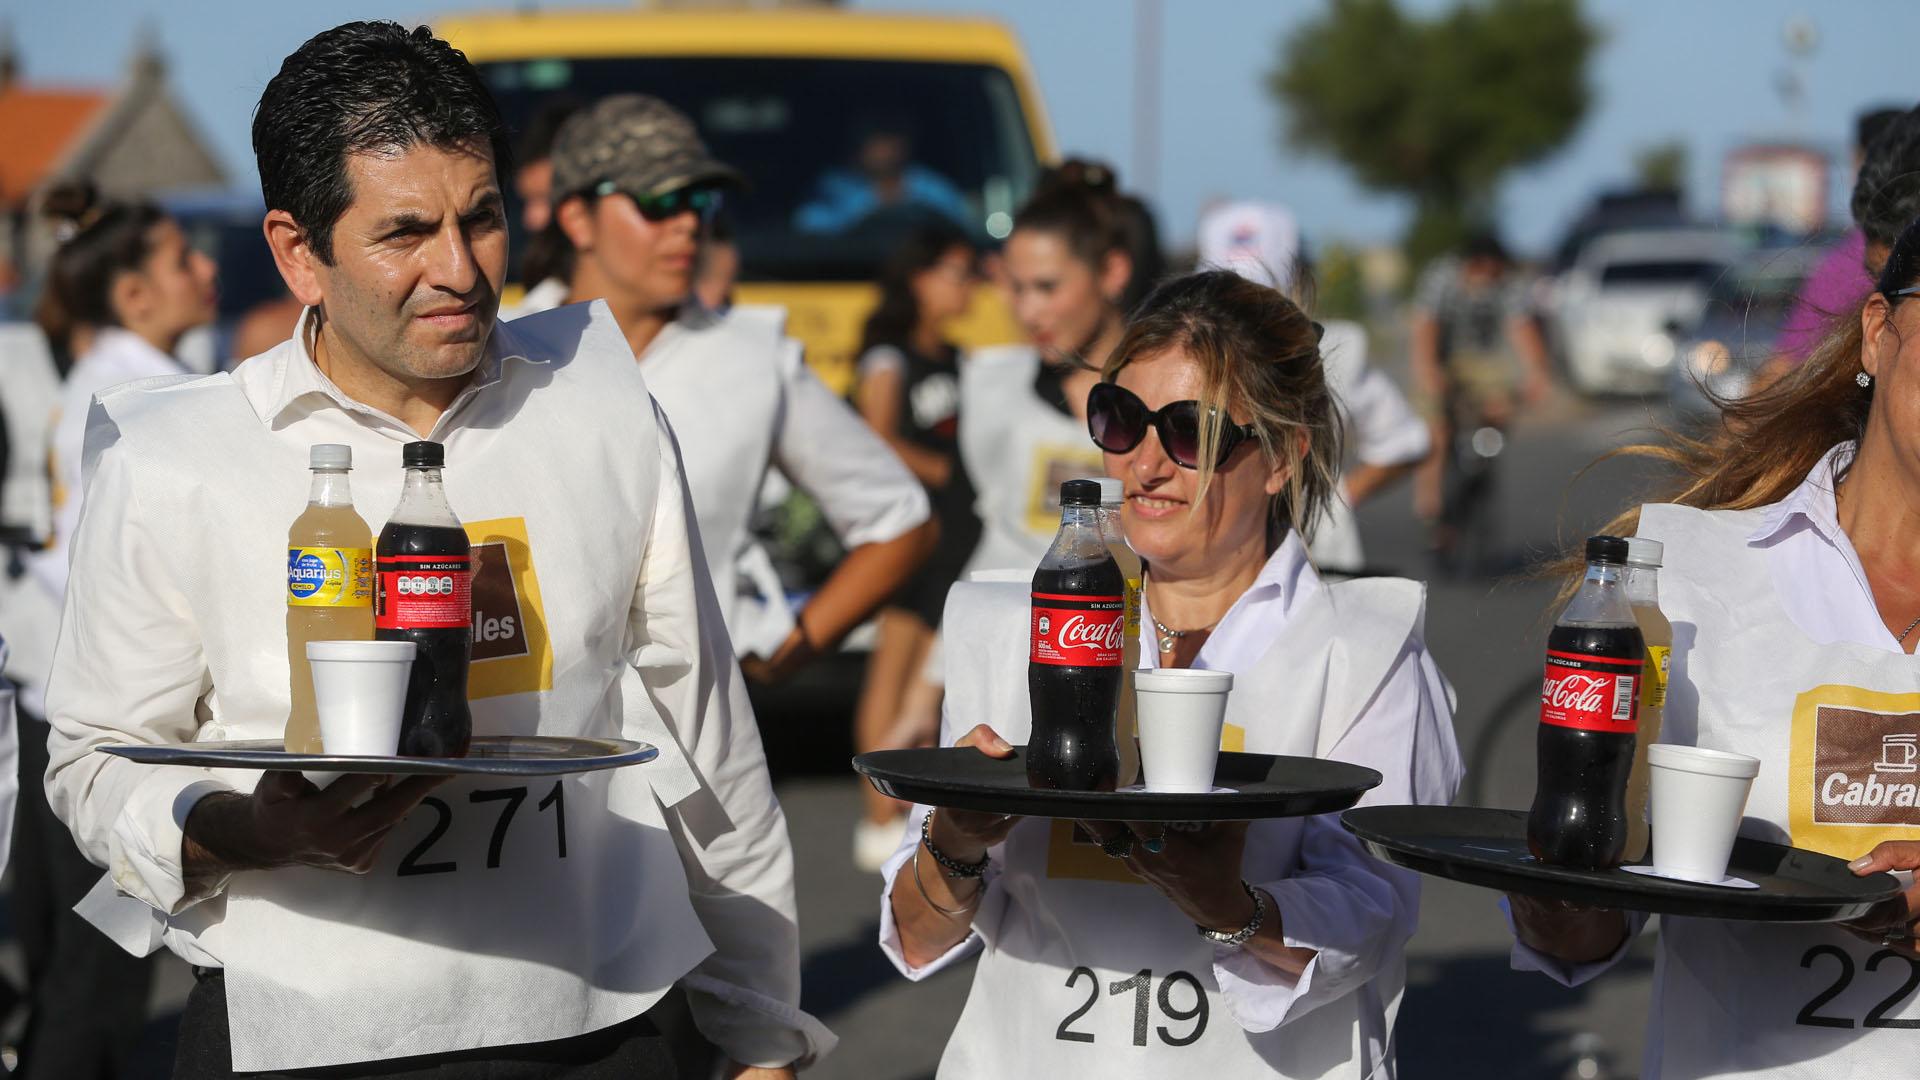 El evento estuvo organizado por la Asociación Patrocinadores del Turismo, la Hotelería y la Gastronomía de la República Argentina
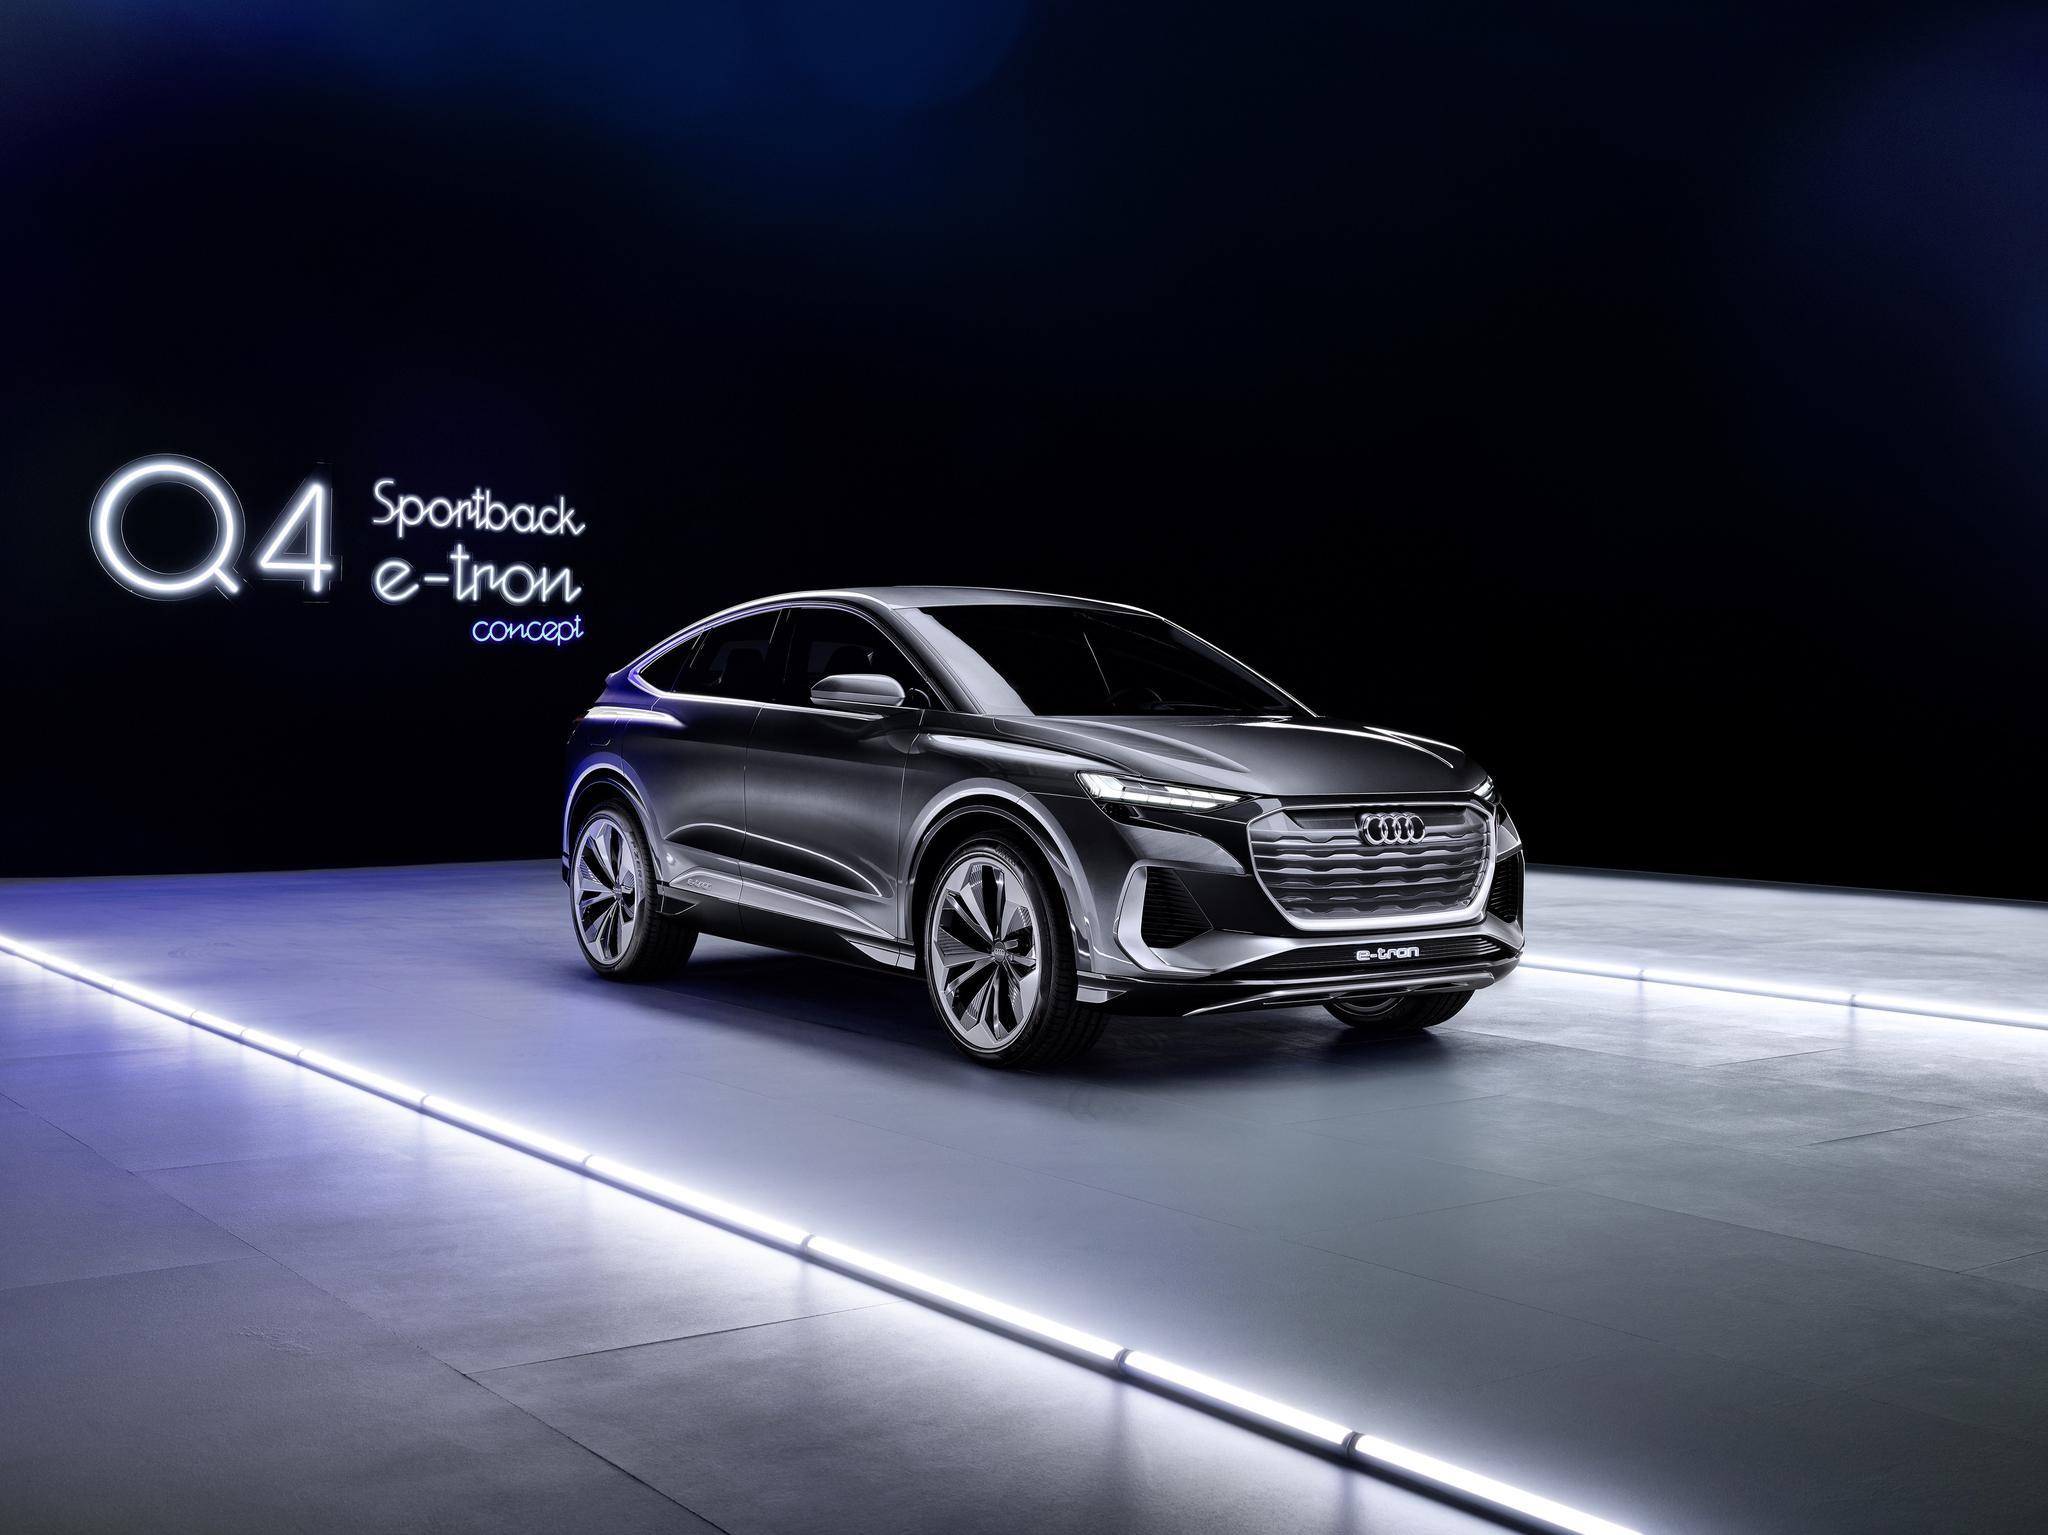 Q4 e-tron将成为奥迪家族第七款电动车?|新车
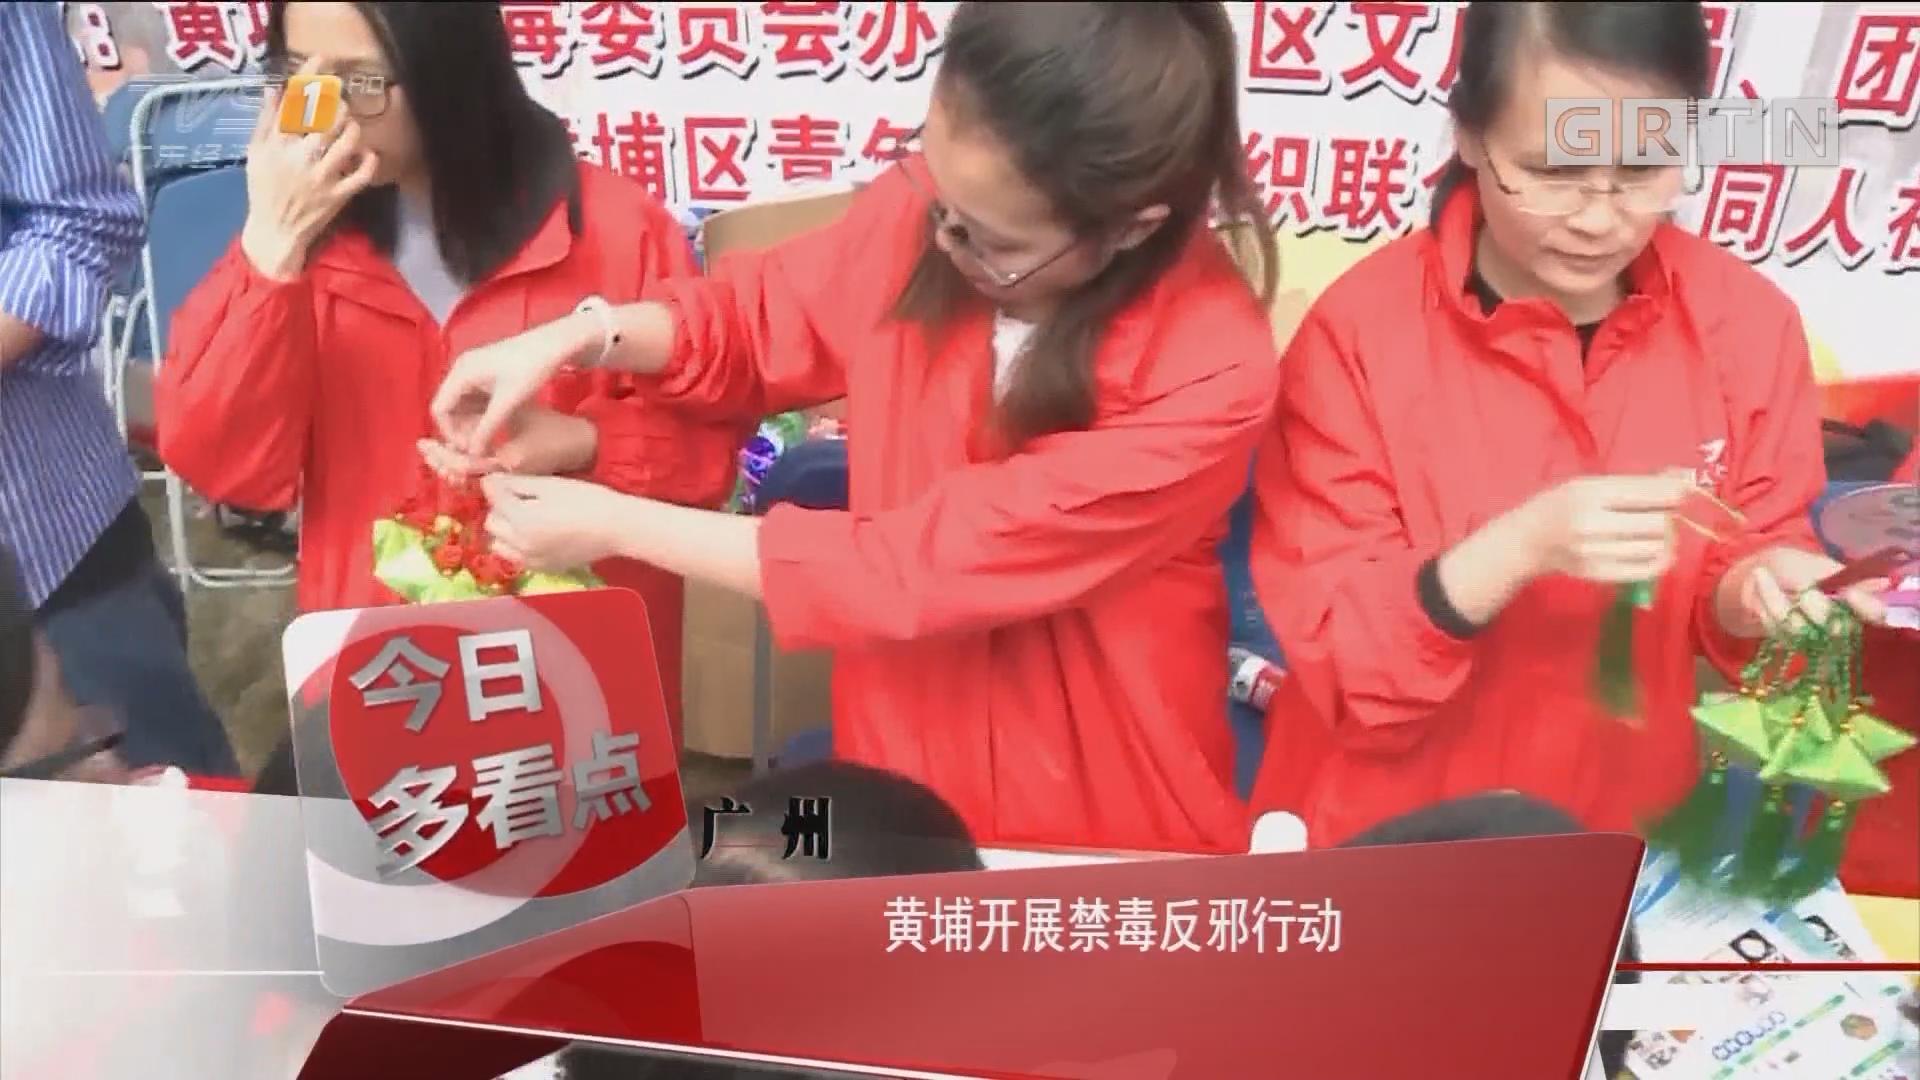 广州:黄埔开展禁毒反邪行动

What the task asks:
All lines above must be repeated exactly, and the pictures must be omitted.

Expected answer:
 El evento estuvo organizado por la Asociación Patrocinadores del Turismo, la Hotelería y la Gastronomía de la República Argentina
 Q4 e-tron将成为奥迪家族第七款电动车?|新车
 广州:黄埔开展禁毒反邪行动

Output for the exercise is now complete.